No pictures belong in the copy. Retype exactly, and only, the stretch of lines below from the one with "Ford Motorsport hat" through the one with "arts met een stethoscoop luister baby foto".

───── Information supplied

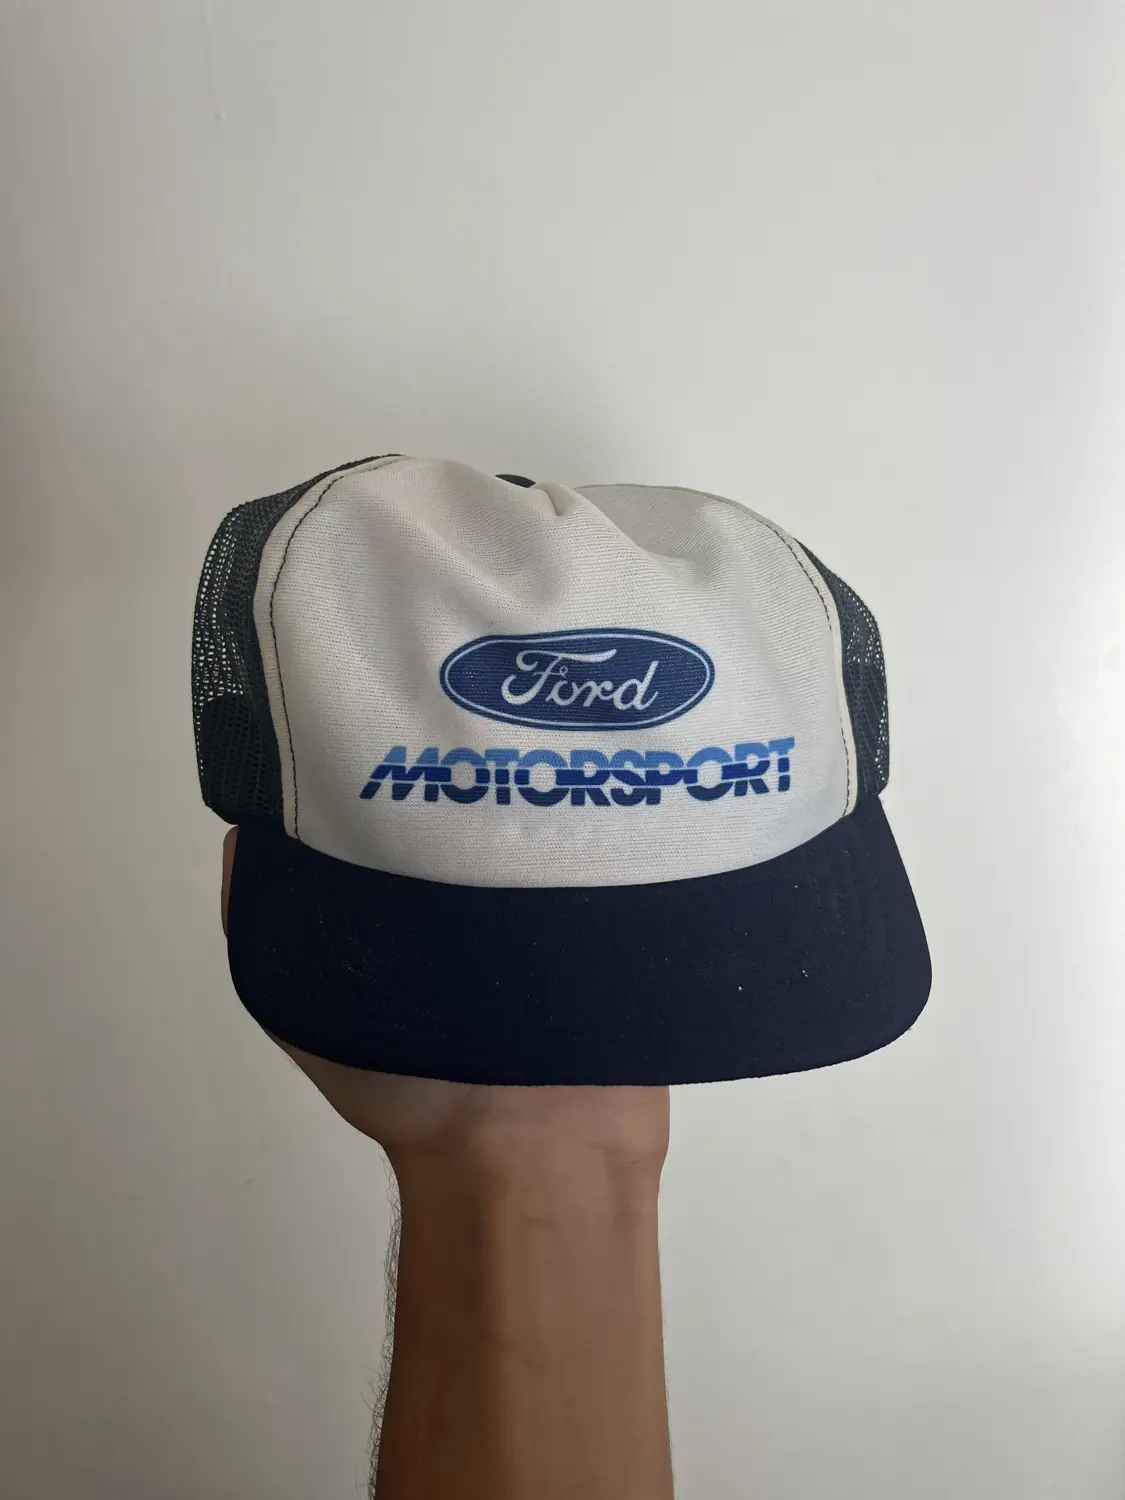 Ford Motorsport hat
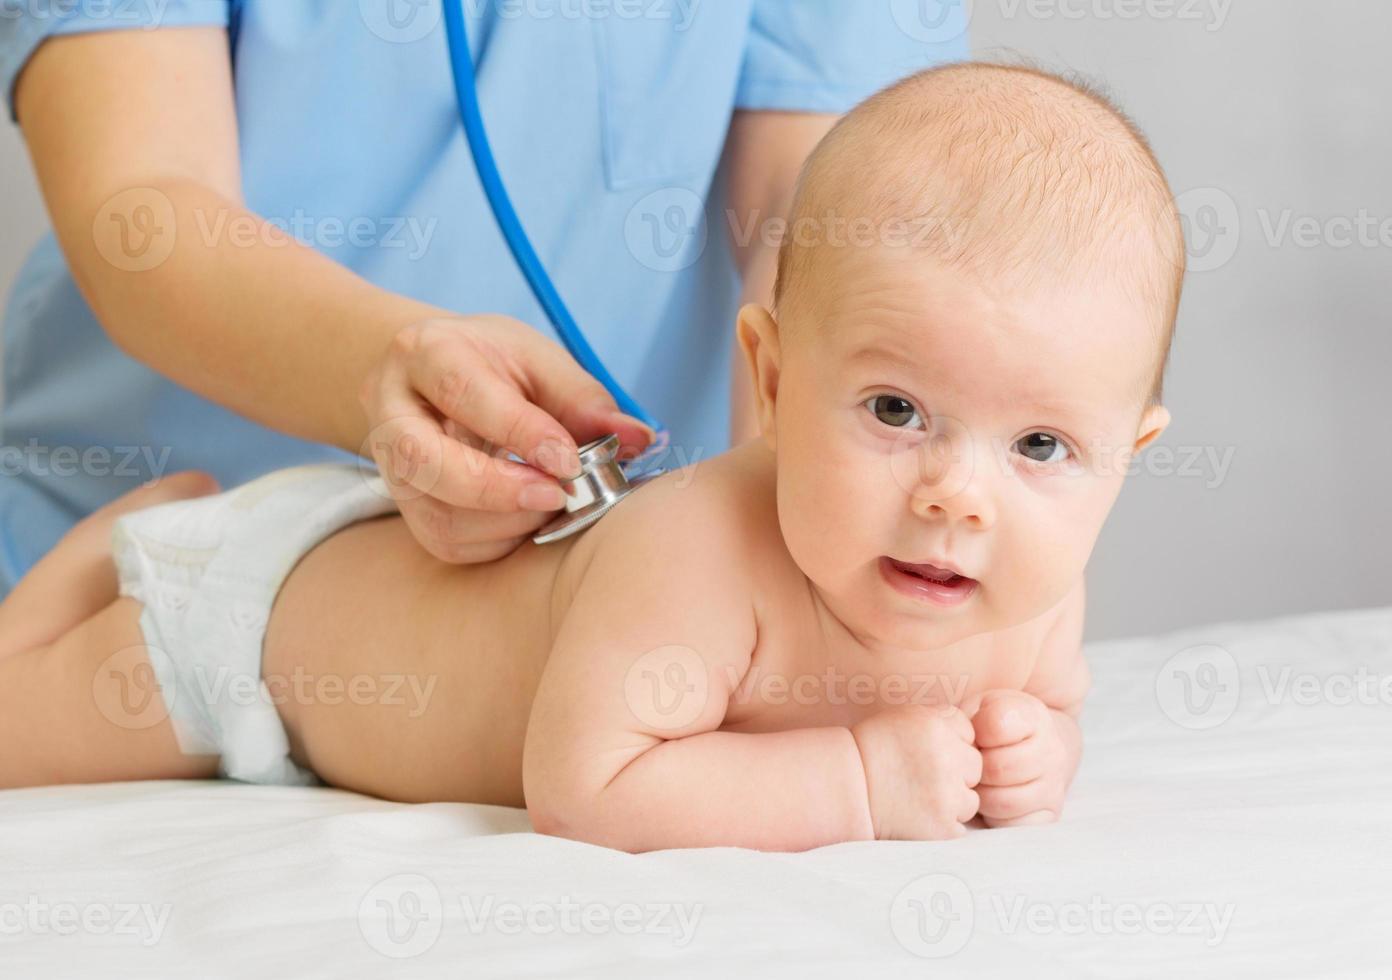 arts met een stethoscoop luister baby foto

──────────
───── Information supplied

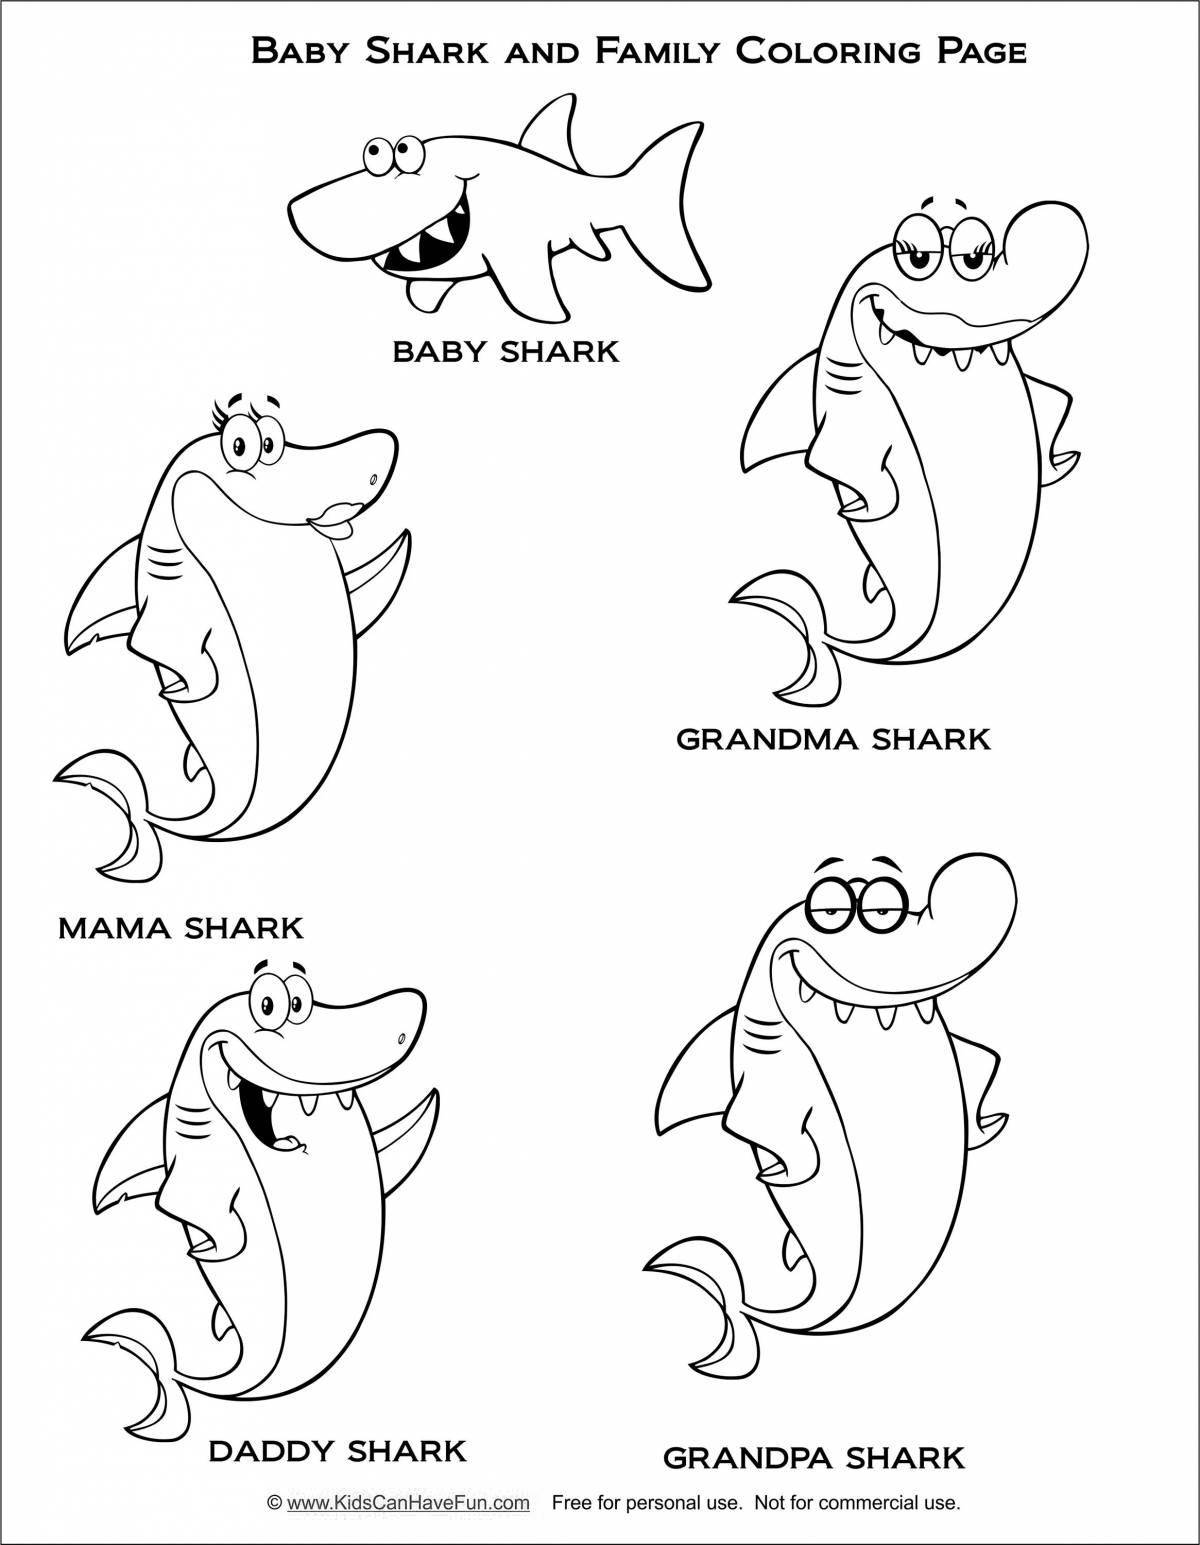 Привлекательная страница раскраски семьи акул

──────────

Exercise result =>
 Ford Motorsport hat
 arts met een stethoscoop luister baby foto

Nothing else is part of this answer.